Campeão mundial de 1992, Nigel Mansell faz parte do grupo de lendas da Fórmula 1, porém o britânico teve uma despedida um tanto melancólica dentro da principal categoria do automobilismo mundial, quando saiu da McLaren pelas portas do fundo em 1995, depois de mal conseguir ficar dentro do carro.
Ao longo de toda sua carreira no automobilismo, o piloto sempre flertou com a aposentadoria, mas em momentos totalmente distintos, como ocorreu em 1990, por conta de uma frustração pelo seu atual momento na Ferrari, anunciando após o abandono no GP de Silverstone que iria parar de correr naquele ano.
Contudo, poucos meses depois mudou de ideia e mudou-se para o Grove, assinando com a Williams para o ano seguinte. Em sua segunda passagem pela equipe britânica, obteve os melhores resultados da sua carreira, garantindo o título mundial com cinco corridas de antecipações.
Mesmo com o título, Mansell e a Williams não conseguiram chegar a um acordo para aumentar o vínculo e em setembro de 1992, ele anunciou sua saída de vez da F1 e migrou para o automobilismo norte-americano em 93, competindo na Indy pela equipe Newman Haas e sagrando-se campeão logo na temporada de estreia.
Mas o destino quis que Mansell retornar-se para a Williams, não por algo bom. Em 1994, com a inesperada morte de Ayrton Senna durante a corrida em Ímola, tanto a equipe do Grove quanto a F1 ficaram abalados e sem um nome de relevância para a competição, convocando novamente o britânico para participar de quatro etapas, todas elas não conflitando com seus compromissos na Indy.
Retorno para a F1 e salário
Conseguindo ter um resultado de destaque ao vencer o GP da Austrália, Mansell decidiu buscar uma nova chance em tempo integral na Fórmula 1. Inicialmente, ele queria permanecer na Wiilliams, porém a equipe estava na justiça com a McLaren para ter o passe de David Coulthard, priorizando o escocês ao vencer a disputa.

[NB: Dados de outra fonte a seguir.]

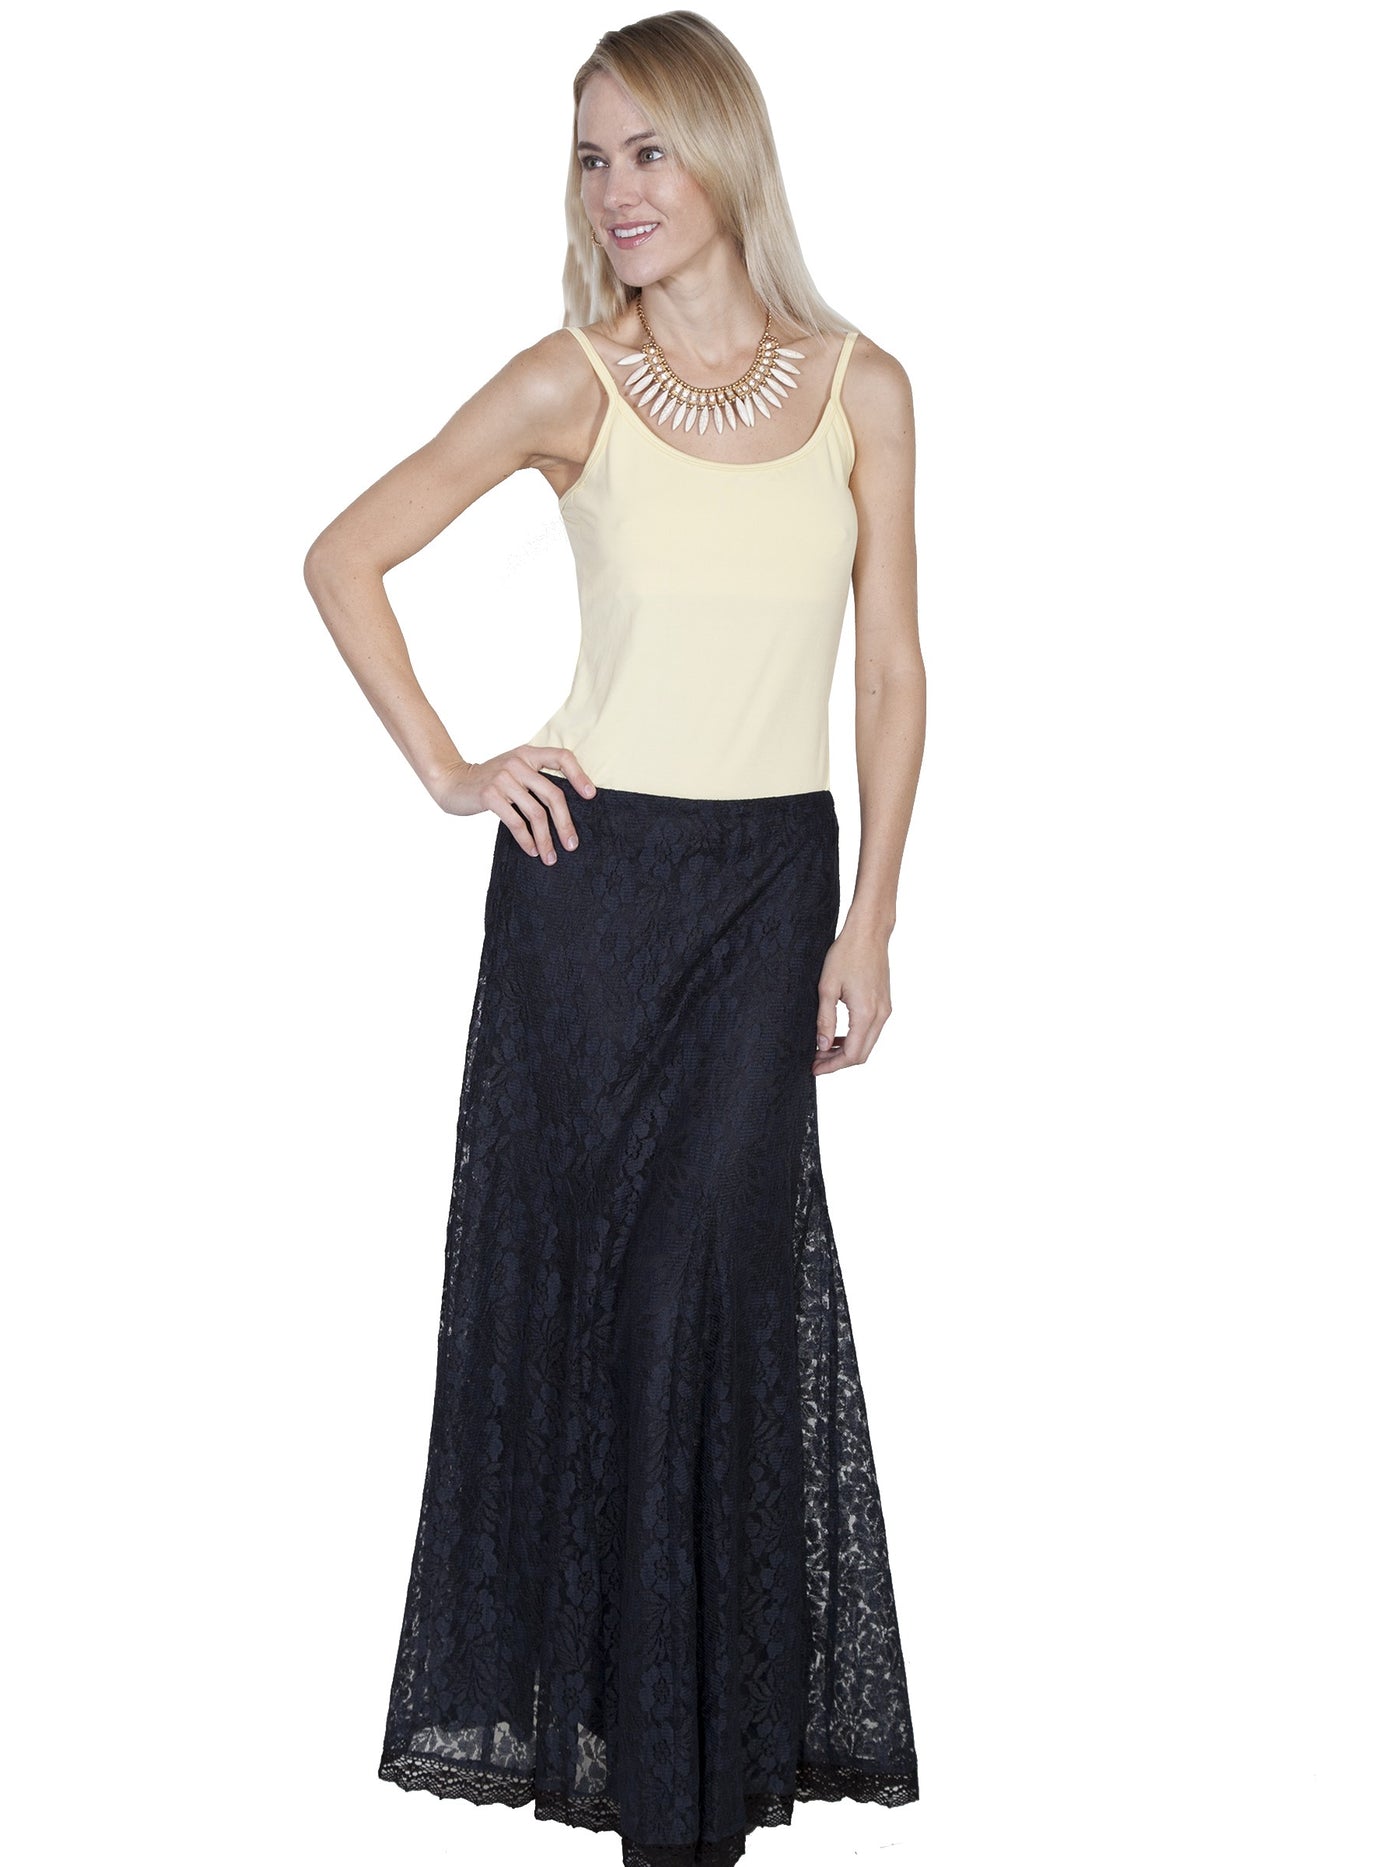 Western Style Long Skirt in Black - SOLD OUT

Mansell então apareceu como alternativa para a McLaren, que estava em um momento de transição e buscava um nome de peso para compor o grid, fechando contrato em fevereiro e gerando muitos burburinhos, já que ele e Ron Dennis, eram desafetos declarados.
Aos 41 anos de idade, Mansell teria um salario de um ano, com seu salário especulado em US$ 8 milhões, pago meio a meio pela Malboro e Mercedes.
As expectativas para a temporada estavam altas, porém quando o carro foi para a pista, o otimismo sumiu. O MP4-10 tinha sérios problemas de equilíbrio e no motor da Mercedes, faltando potência e confiabilidade.
Mansell e Mika Hakkinen, seu companheiro de equipe, também reclamaram bastante do cockpit apertado, fazendo os pilotos baterem suas mãos e cotovelos nas bordas quando viravam o volante.
O time fez algumas mudanças no carro, mas Mansell tinha um quadril e ombro mais largos que Hakkinen, permaneceu reclamando do carro, mas considerou ele como “aceitável”. A McLaren justificava que o projeto foi feito pensando em David Coulthard e no finlandês que permaneceu na equipe.
A situação não estava boa no campeonato e desandou de vez em Barcelona, quando Mansell fez tudo o que não deveria e ainda abandonou o carro no box, declarando que ele estava “praticamente impossível de pilotar”, abandonando a corrida.
Ron Dennis comentou que não tinha nenhum problema técnico no carro que impedisse o britânico de continuar e que ele, simplesmente decidiu sair. O clima na escuderia ficou insustentável e no dia 23 de maio, a McLaren anunciou que Mansell teve uma “rescisão em comum acordo”.
Alguns rumores afirmam que a McLaren desembolsou cerca de US$ 2 milhões para Mansell pelo rompimento antecipado do vínculo, substituído por Mark Blundell, que pontuou logo na sua primeira corrida.